Suddenly, there wasn’t enough air in the house, in the world for me to breathe.  Andy looked at me and all I could do was show him the papers in my hand before my gasping turned into a sob that came from a place in me – a waiting room for sobs I think.  Deep, primal.  Nine years already?  And still.  Her name, in her hand.  I lost my footing; I wasn’t ready.  I will never be ready.

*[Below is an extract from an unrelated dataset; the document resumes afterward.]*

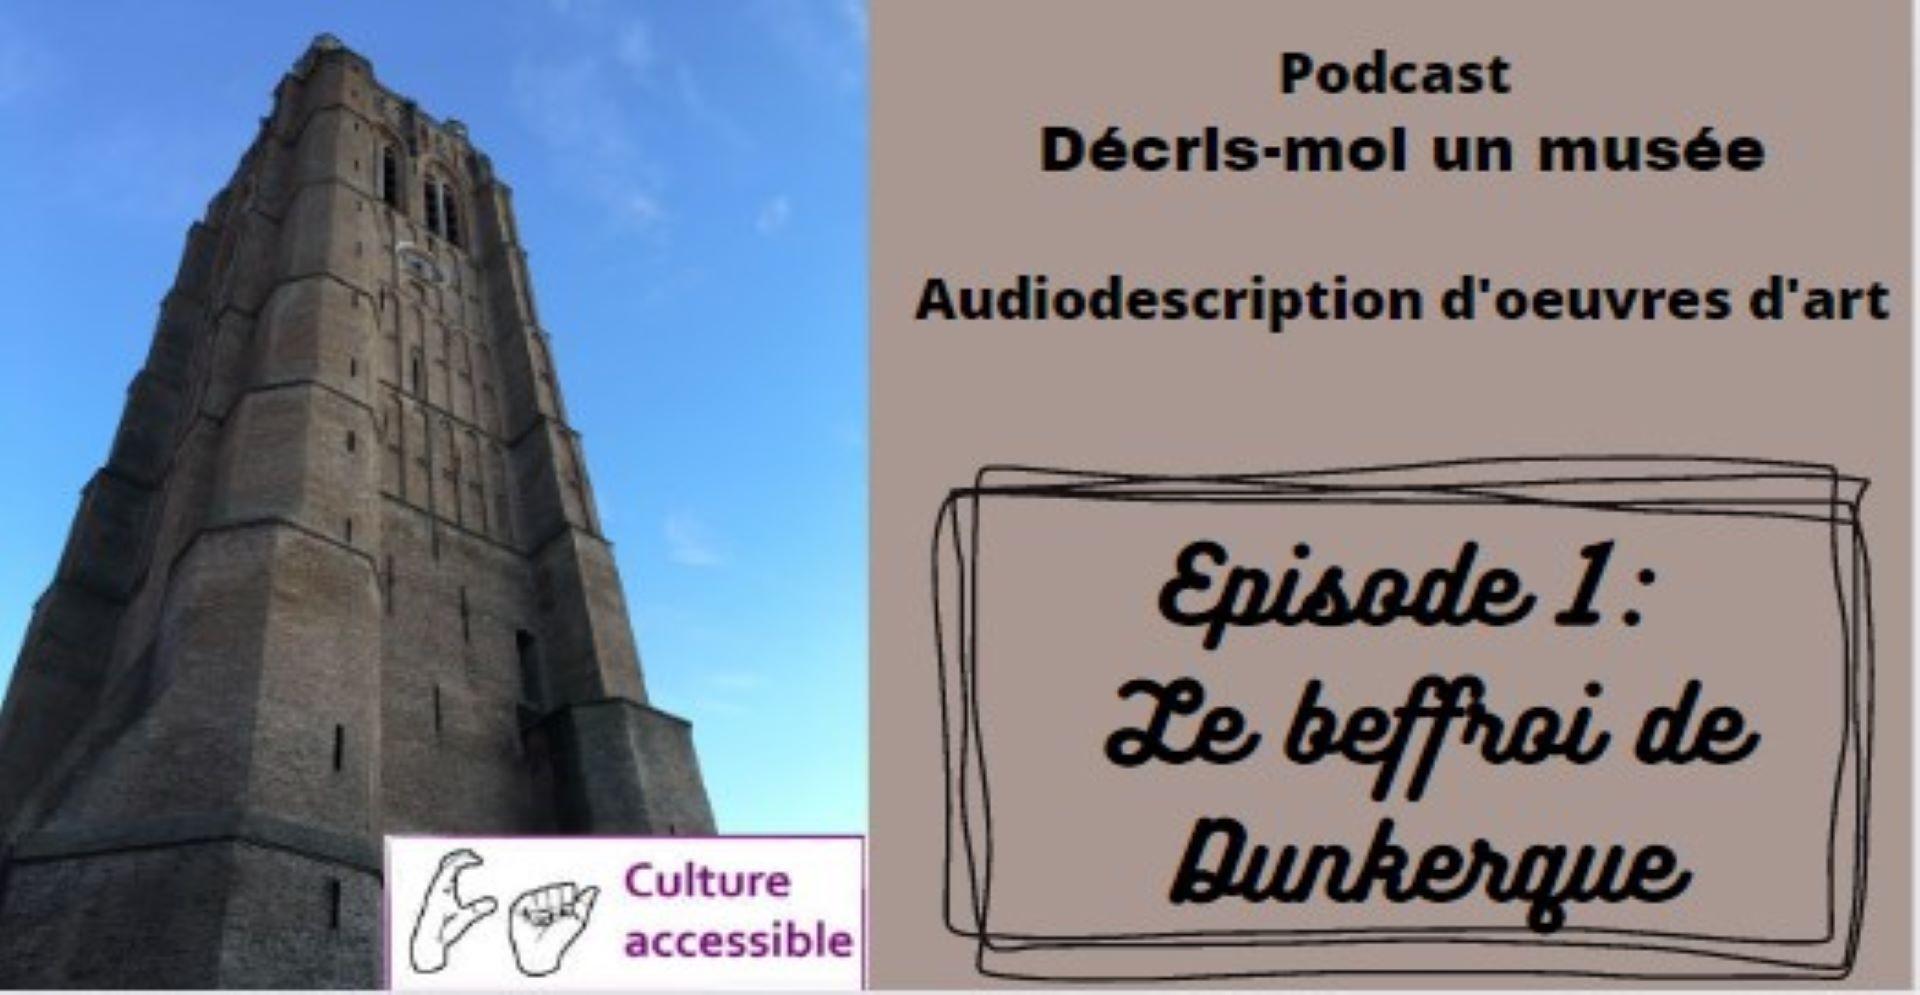 Podcast d'audiodescriptions

My friend doesn’t believe that there is something after this life.  I believe it, but don’t really know what it is I’m believing.  In an interview on NPR, Mary Roach rhetorically asks, who is better off?  The believer or the non-believer?  We agreed, that one with faith – in all that one can’t see – is arguably better off.  But there was little doubt that sometimes pain can take your breath away regardless of your position.

“It’s so curious:  one can resist tears and ‘behave’ very well in the hardest hours of grief.  But then someone makes you a friendly sign behind a window, or one notices that a flower that was in bud only yesterday has suddenly blossomed, or a letter slips from a drawer…and everything collapses.” — Colette

I drove to the post office with one hand on the envelope, rubbing the spot where I thought her signature might be.  The postmaster commented about the address “Headin’ to Vienna, Austria, right?  And here we are in Vienna, Virginia – funny, huh?”  I think I smiled.  I wanted to tell him that he was holding my mom’s name.  In her hand.  And that it was briefly in mine.